High school was starting next week. All I could think about was what Grandfather and I had done all summer and I wasn’t ready to go back. But I had no choice because I had one more year of high school and four years of college. At least I was a senior this year. School was boring after the summer I had just spent with Grandfather.

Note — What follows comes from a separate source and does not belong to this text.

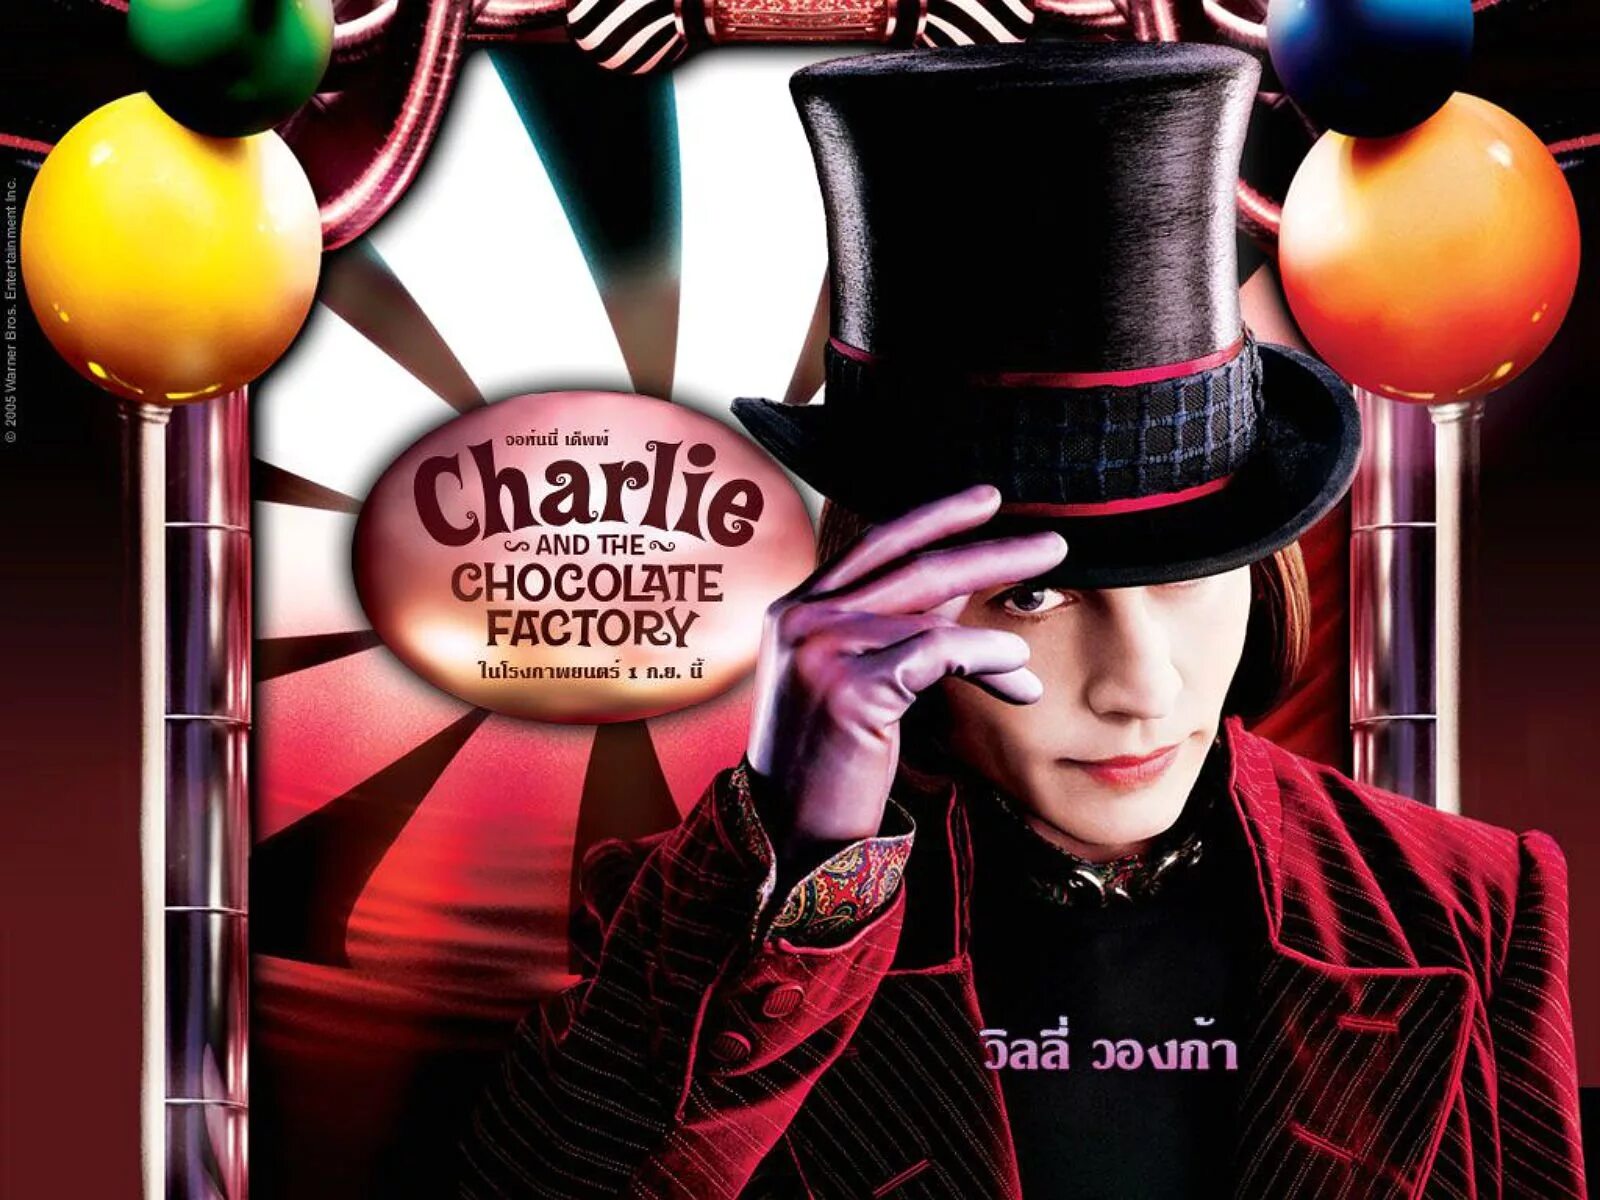 Сюжет шоколадной фабрики. Джонни Депп Чарли и шоколадная фабрика. Чарли и шоколадная фабрика / Charlie and the Chocolate Factory (2005).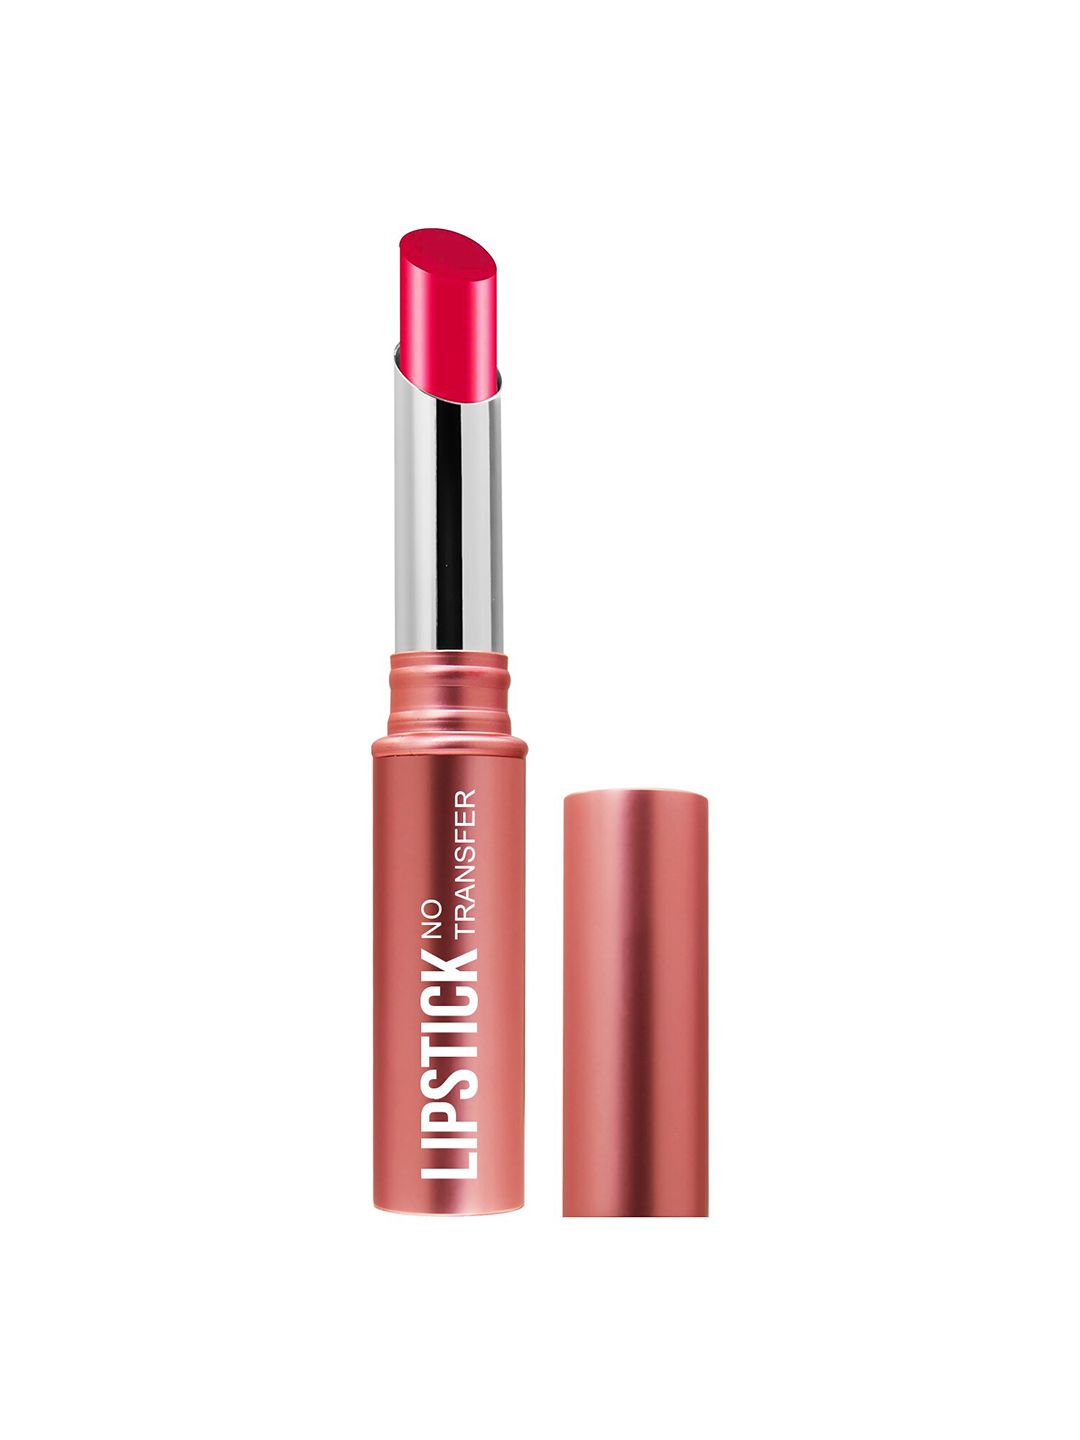 Magic Colour No Transfer Matte Lipstick - Pretty Pink 04 Price in India

The school year moved kind of slow it seemed but finally it was New Year’s Day and school was half over. I kept practicing my flute and worked on figuring out the words we had written down from the rock and the words in the cave. It looked like there were three, four, or maybe even five different languages combined.
I wanted to start the New Year off right by getting in touch with the spiritual side of life. I knew Grandfather usually used the sweat lodge on New Year’s Day.
I called him to ask him if he would get the sweat lodge ready for me to use today. Grandma answered the phone and told me that he was in it now. It was late when I got there; the lodge was halfway up the mountain and only big enough for four people. Grandfather and I were the only ones that used the lodge anymore, so it was big enough. You could see the steam seeping out from in between some of the branches. My Great-Grandfather had made it out of switch cane woven together and covered it with buffalo (ya-na-s-se) hide to help hold the heat in. Being inside was like stepping back a hundred years, which probably wasn’t too far from how old it was. The pit of rocks was in the middle of the room if you wanted to call it a room. He had the heat going pretty well. By the time I got there, it must have been a hundred and forty degrees inside. It was a great feeling to sit there and meditate, having visions of the past and the future with my Grandfather sitting across from me. It was one of the many things I enjoyed doing with him. We would sit and meditate for a couple of hours. Afterward, we would talk about the vision we saw or if there was anything unique about our experiences. Maybe you believe in that sort of thing or maybe you don’t but, whether you do or not, it does exist. Everyone has had a dream that’s come true or heard of other people that have had their dreams to come true. I know I’ve mentioned it before: There is a world that we see but, at the same time, there is a spiritual world that exists. Every once and a while you are blessed to be able to peek into it. Very few people will even talk to you about it, but most people think it’s nonsense. Nonsense or not, I know the truth and it isn’t nonsense. After Grandfather and I were through using the sweat lodge we walked over to the old horse trough, stepped inside, and dunked ourselves to rinse the sweat off. After we dried off, we headed down to the house to help Grandma with supper. Grandmother had most of it ready. She had sweet potatoes baking in the oven. Oh, what wonderful smells filled the house. Between the sweet potatoes and the fresh bread baking, my senses were in overload. I didn’t realize I was so hungry. No one was as good of a cook as my Grandmother!